▶ **Description of the task**:
Would you please transcribe, exactly as written, the lines of the entries below starting at the one that holds "Башня Кик-ин-де-Кёк - история, описание, расположение" and ending at the one that holds "アスレタ 2017FW style-02290-02291", both included?

▶ **Dataset excerpts**:
----------

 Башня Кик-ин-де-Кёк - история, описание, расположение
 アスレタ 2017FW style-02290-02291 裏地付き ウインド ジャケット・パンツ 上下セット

----------

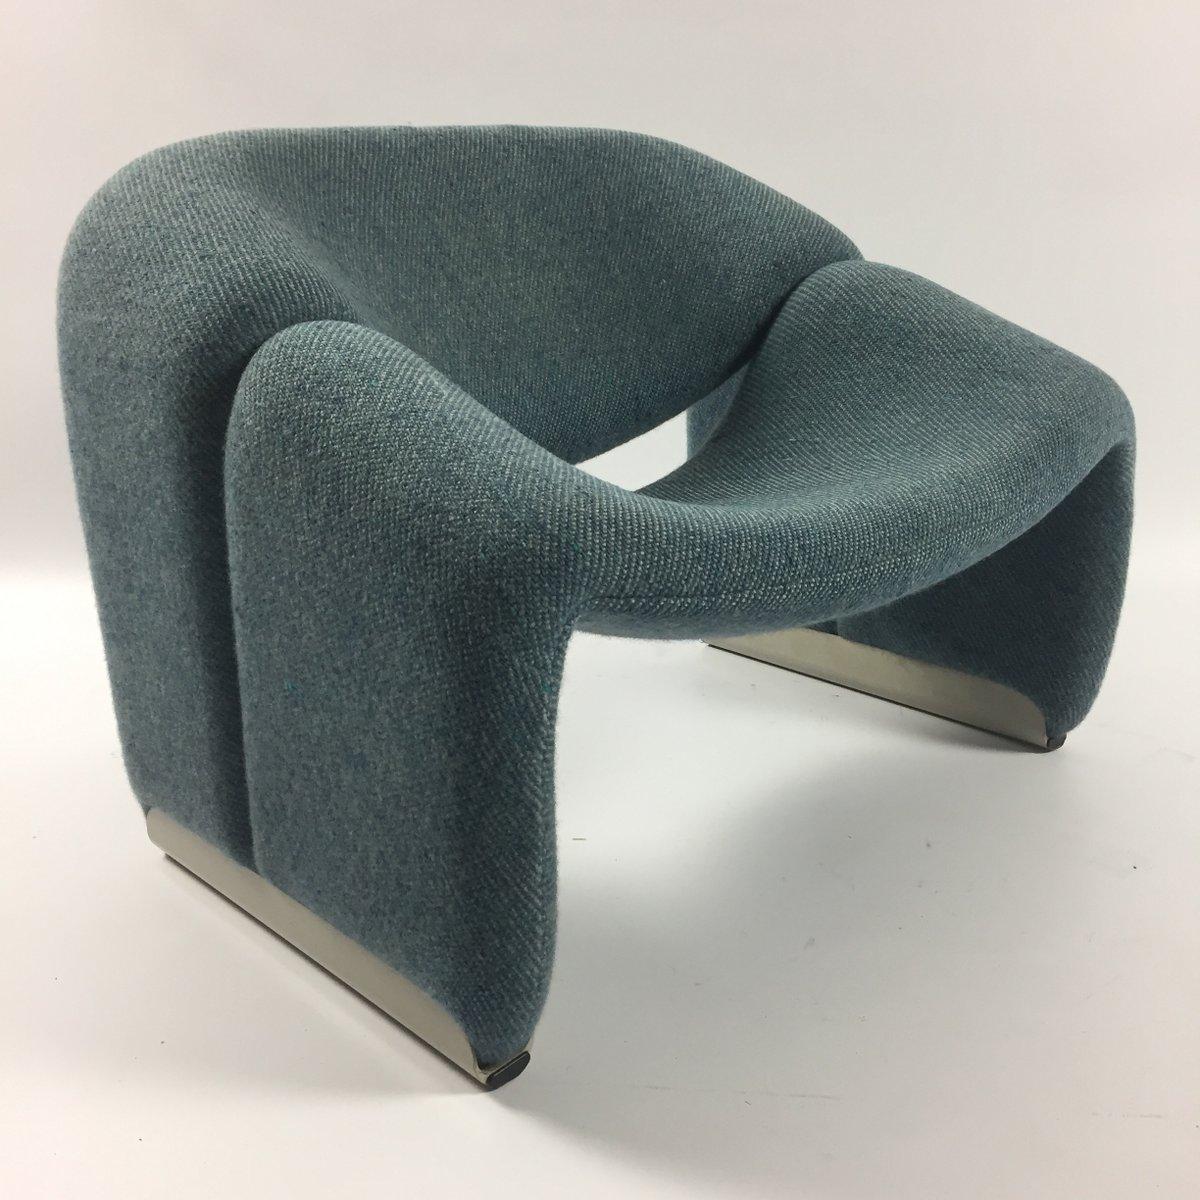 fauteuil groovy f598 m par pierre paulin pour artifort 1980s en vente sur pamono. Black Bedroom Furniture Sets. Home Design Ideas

----------

▶ **Expected answer**:
 Башня Кик-ин-де-Кёк - история, описание, расположение
 アスレタ 2017FW style-02290-02291 裏地付き ウインド ジャケット・パンツ 上下セット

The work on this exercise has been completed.